» TASK PROMPT: Take the material below and output exactly the run of lines from the one containing "La Policía retiene" down to the one containing "Movimentação de pessoas", with both included.

» ENTRIES SHOWN:
===============

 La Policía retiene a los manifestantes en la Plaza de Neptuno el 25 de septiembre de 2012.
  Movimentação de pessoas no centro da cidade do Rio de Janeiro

===============

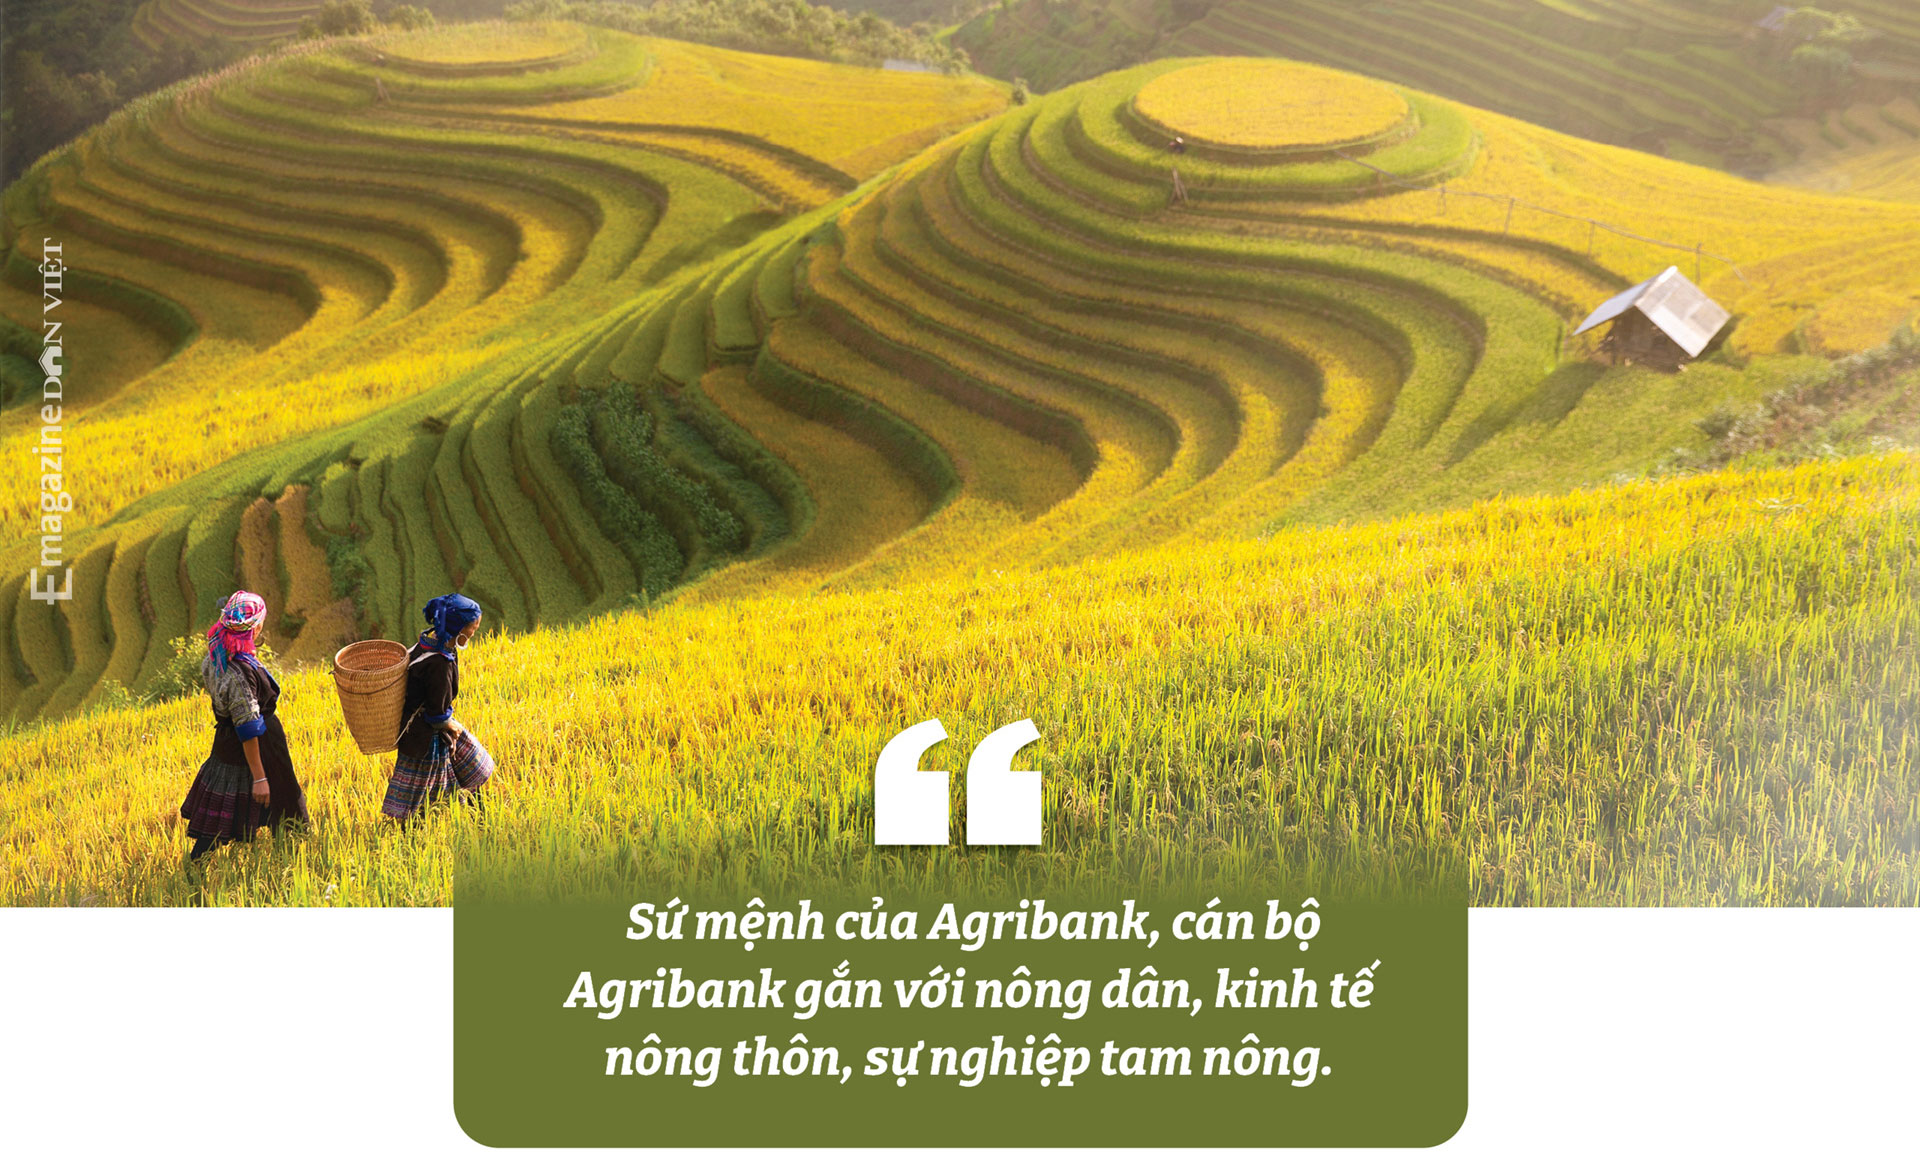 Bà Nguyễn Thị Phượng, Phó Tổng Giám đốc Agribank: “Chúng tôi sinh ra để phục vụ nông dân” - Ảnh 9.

===============

» YOUR RESPONSE:
 La Policía retiene a los manifestantes en la Plaza de Neptuno el 25 de septiembre de 2012.
  Movimentação de pessoas no centro da cidade do Rio de Janeiro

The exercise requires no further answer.